(Beginning of DATASET SECTION)

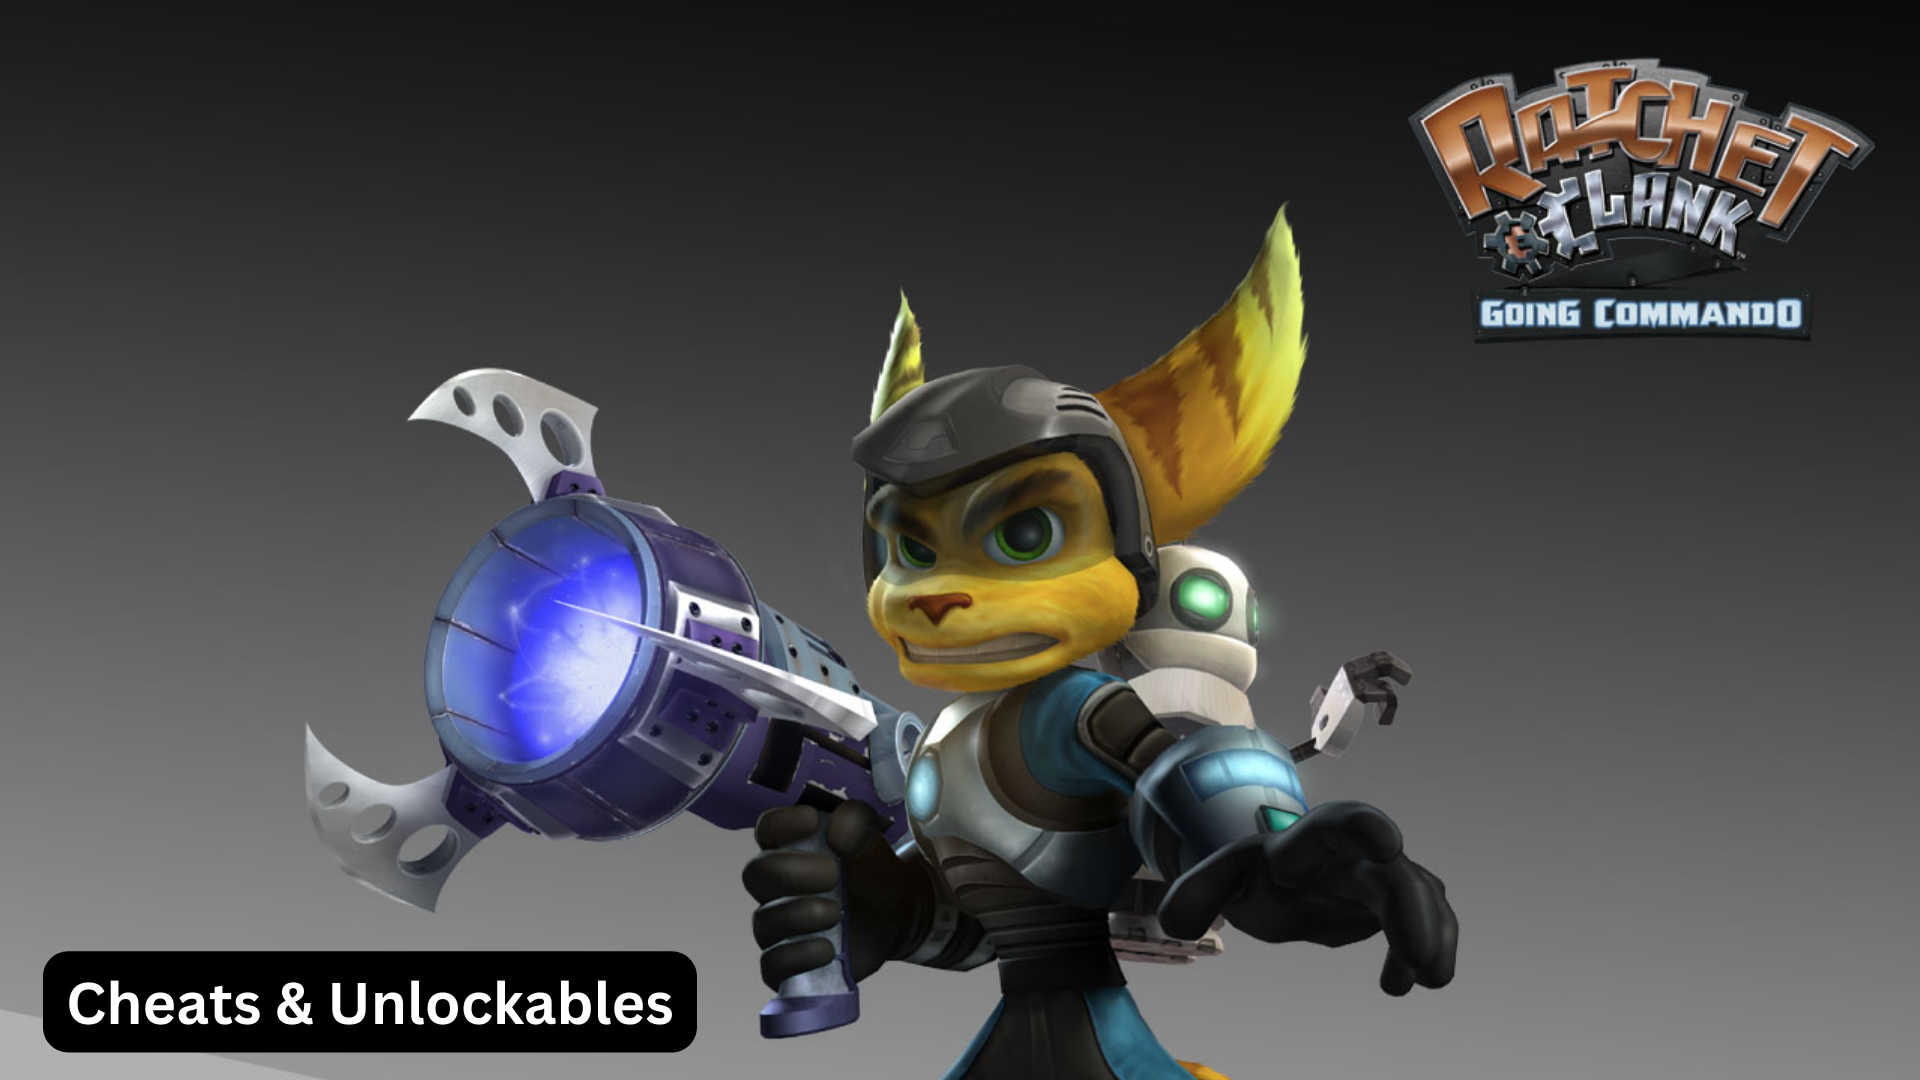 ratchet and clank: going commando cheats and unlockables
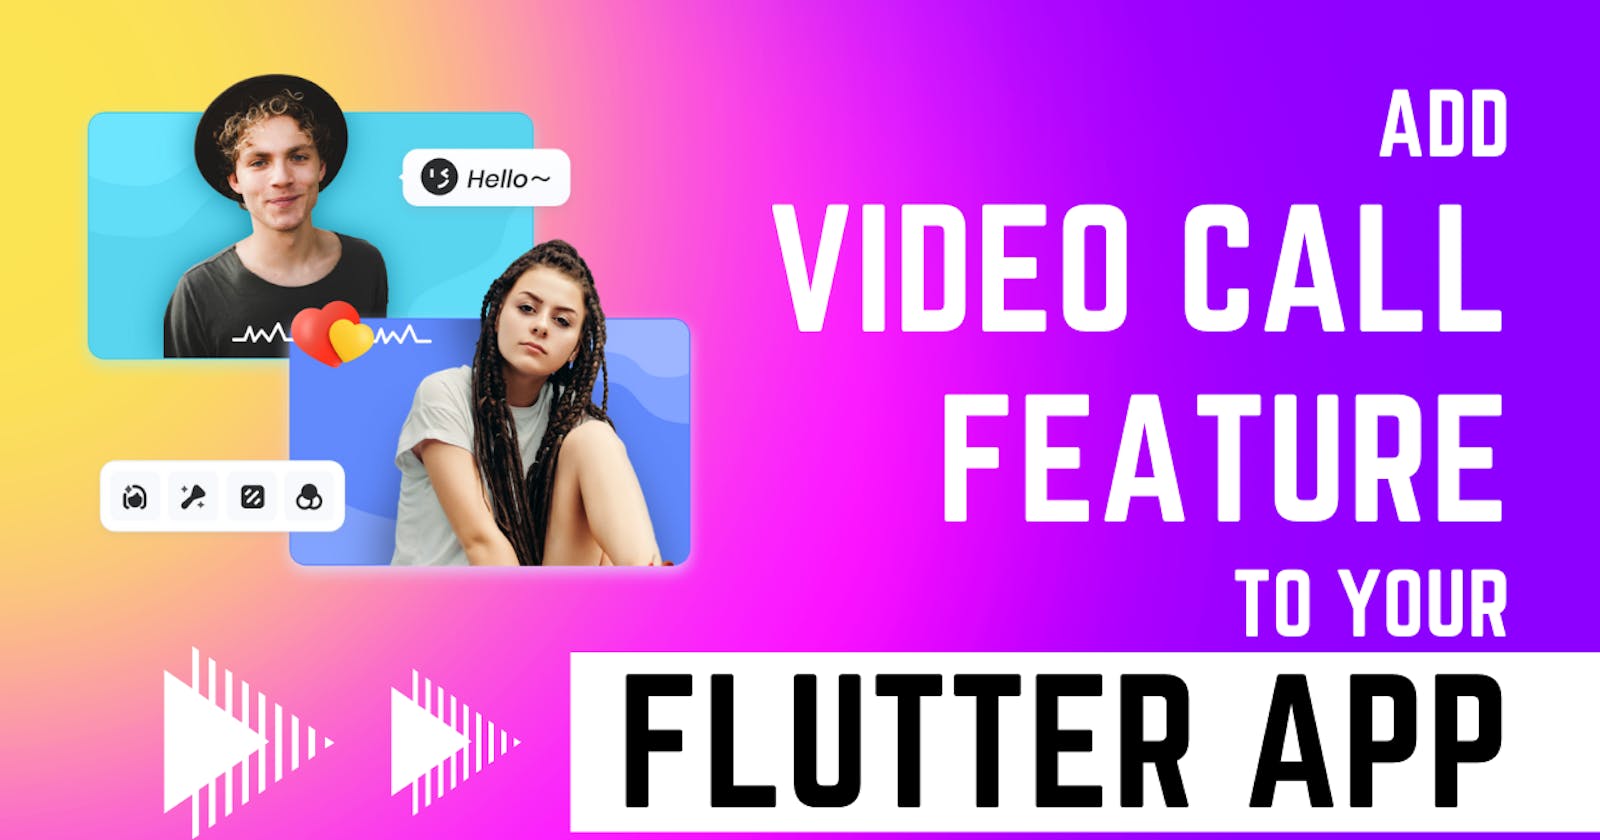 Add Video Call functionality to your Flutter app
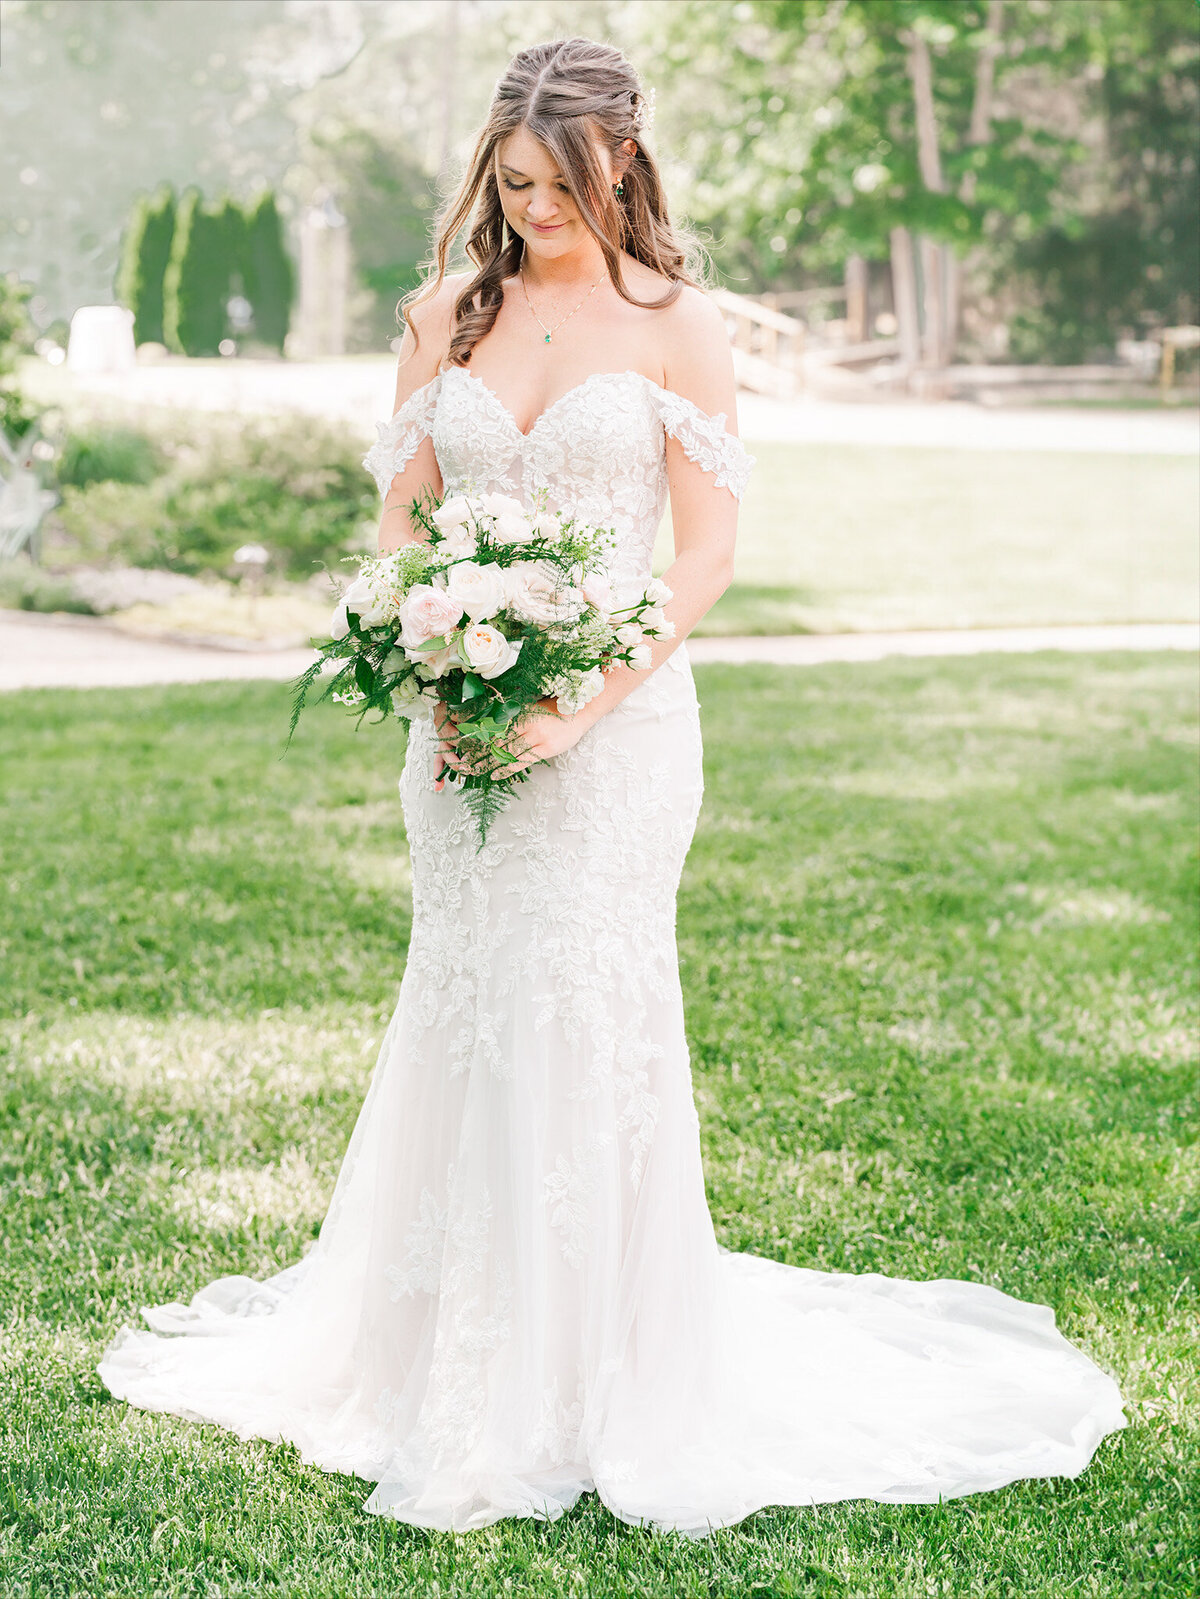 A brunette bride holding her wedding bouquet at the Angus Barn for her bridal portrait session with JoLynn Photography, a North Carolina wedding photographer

(End of DATASET SECTION)

**REQUIREMENT:**
The answer should match the material exactly, with every picture removed.

**ANSWER SECTION:**
 ratchet and clank: going commando cheats and unlockables
 Add Video Call functionality to your Flutter app
 A brunette bride holding her wedding bouquet at the Angus Barn for her bridal portrait session with JoLynn Photography, a North Carolina wedding photographer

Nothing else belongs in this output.